Wang Wuwei, Zhang Ke, Su Yu, Wang Jingyu, Wang Qi
IEEE Trans Neural Netw Learn Syst. 2024 Nov;35(11):15156-15169. doi: 10.1109/TNNLS.2023.3282905. Epub 2024 Oct 29.
In the past few years, visual tracking methods with convolution neural networks (CNNs) have gained great popularity and success. However, the convolution operation of CNNs struggles to relate spatially distant information, which limits the discriminative power of trackers. Very recently, several Transformer-assisted tracking approaches have emerged to alleviate the above issue by combining CNNs with Transformers to enhance the feature representation. In contrast to the methods mentioned above, this article explores a pure Transformer-based model with a novel semi-Siamese architecture. Both the time-space self-attention module used to construct the feature extraction backbone and the cross-attention discriminator used to estimate the response map solely leverage attention without convolution. Inspired by the recent vision transformers (ViTs), we propose the multistage alternating time-space Transformers (ATSTs) to learn robust feature representation. Specifically, temporal and spatial tokens at each stage are alternately extracted and encoded by separate Transformers. Subsequently, a cross-attention discriminator is proposed to directly generate response maps of the search region without additional prediction heads or correlation filters. Experimental results show that our ATST-based model attains favorable results against state-of-the-art convolutional trackers. Moreover, it shows comparable performance with recent "CNN + Transformer" trackers on various benchmarks while our ATST requires significantly less training data.

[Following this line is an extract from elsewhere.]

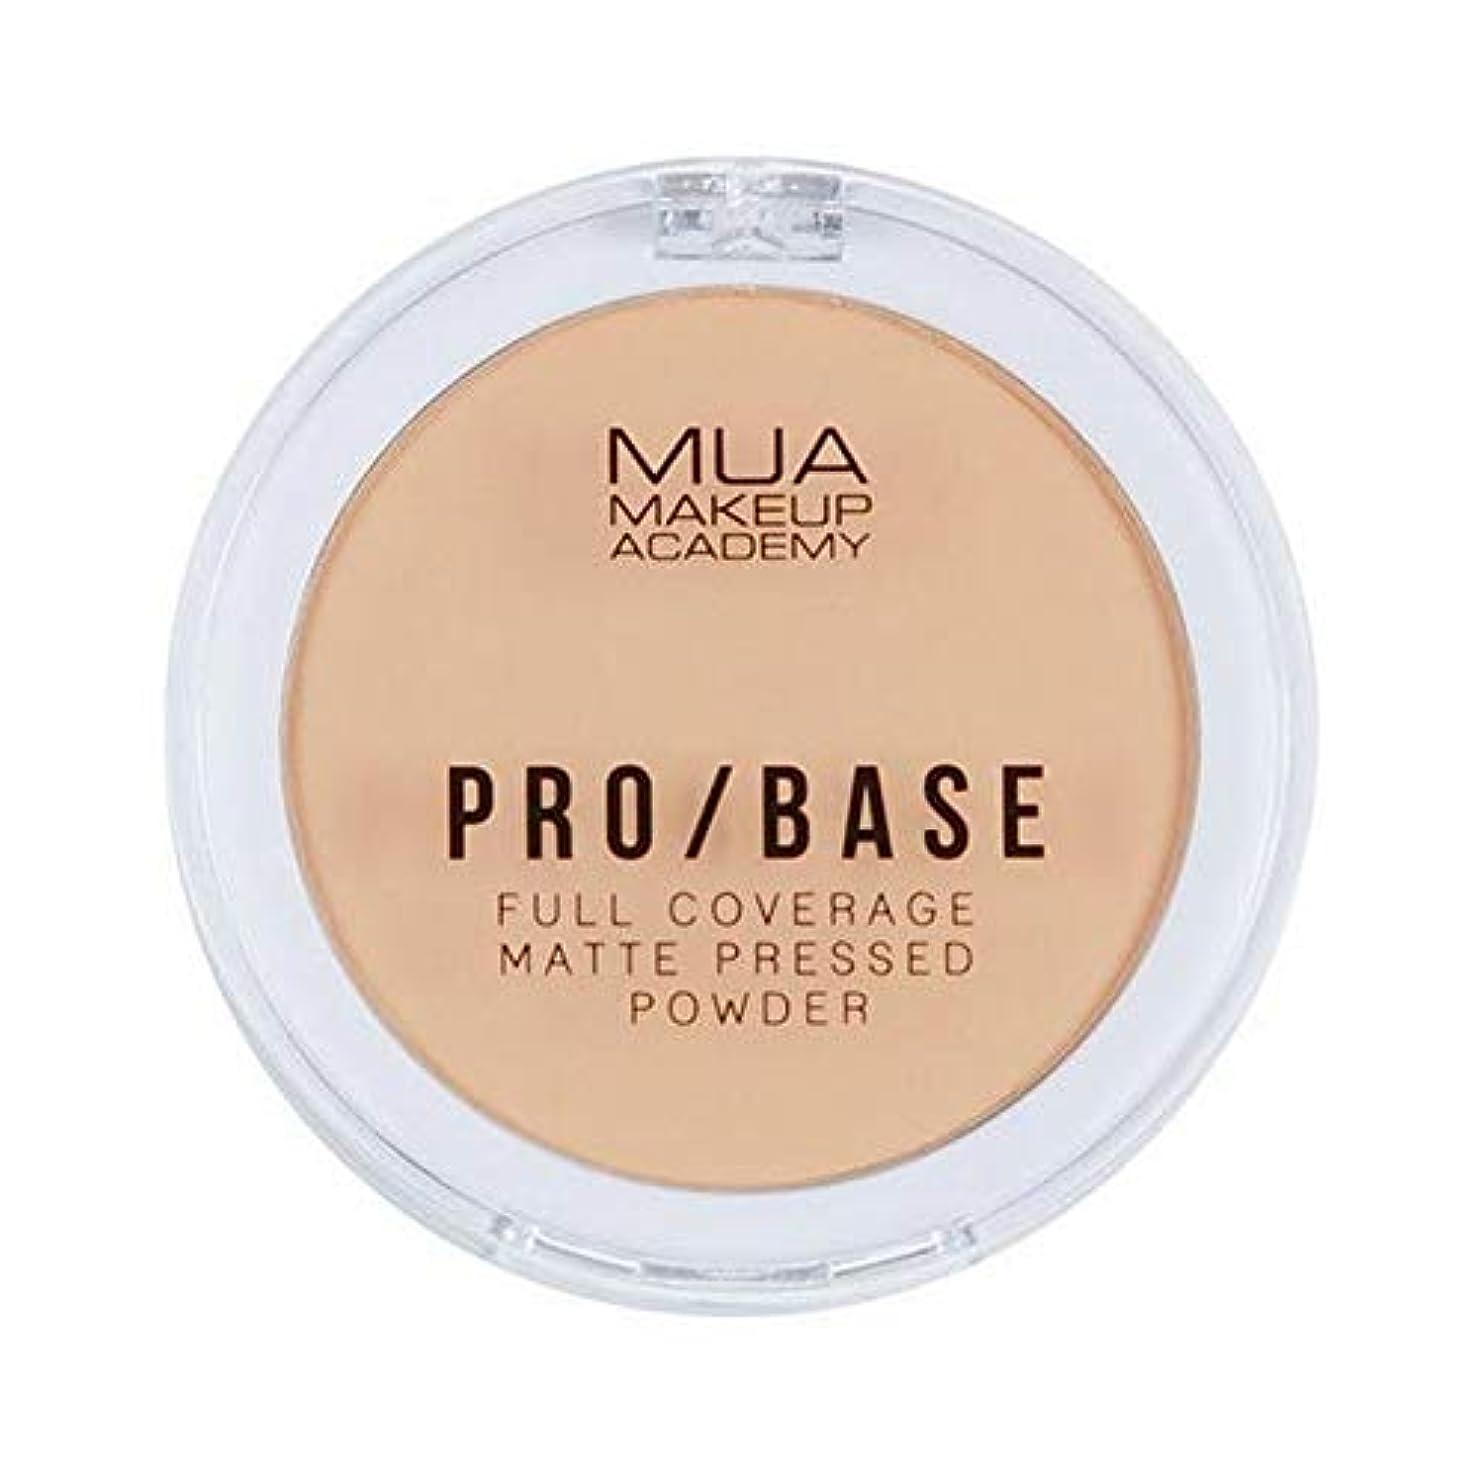 リファイン帝国主義クリープ[MUA] Mua Pro/ベースフルカバレッジマット粉末#120 - MUA Pro/Base Full Coverage Matte Powder #120 [並行輸入品]

在过去几年中,基于卷积神经网络(CNN)的视觉跟踪方法广受欢迎并取得了巨大成功。然而,CNN的卷积操作难以关联空间上距离较远的信息,这限制了跟踪器的辨别能力。最近,出现了几种基于Transformer辅助的跟踪方法,通过将CNN与Transformer相结合来增强特征表示,以缓解上述问题。与上述方法不同,本文探索了一种具有新颖半连体架构的纯基于Transformer的模型。用于构建特征提取主干的时空自注意力模块和用于估计响应图的交叉注意力鉴别器都仅利用注意力而不使用卷积。受近期视觉Transformer(ViT)的启发,我们提出了多级交替时空Transformer(ATST)来学习鲁棒的特征表示。具体而言,每个阶段的时间和空间令牌由单独的Transformer交替提取和编码。随后,提出了一种交叉注意力鉴别器,无需额外的预测头或相关滤波器即可直接生成搜索区域的响应图。实验结果表明,我们基于ATST的模型在与当前最先进的卷积跟踪器对比中取得了良好的结果。此外,在各种基准测试中,它与近期的“CNN + Transformer”跟踪器表现相当,而我们的ATST所需的训练数据要少得多。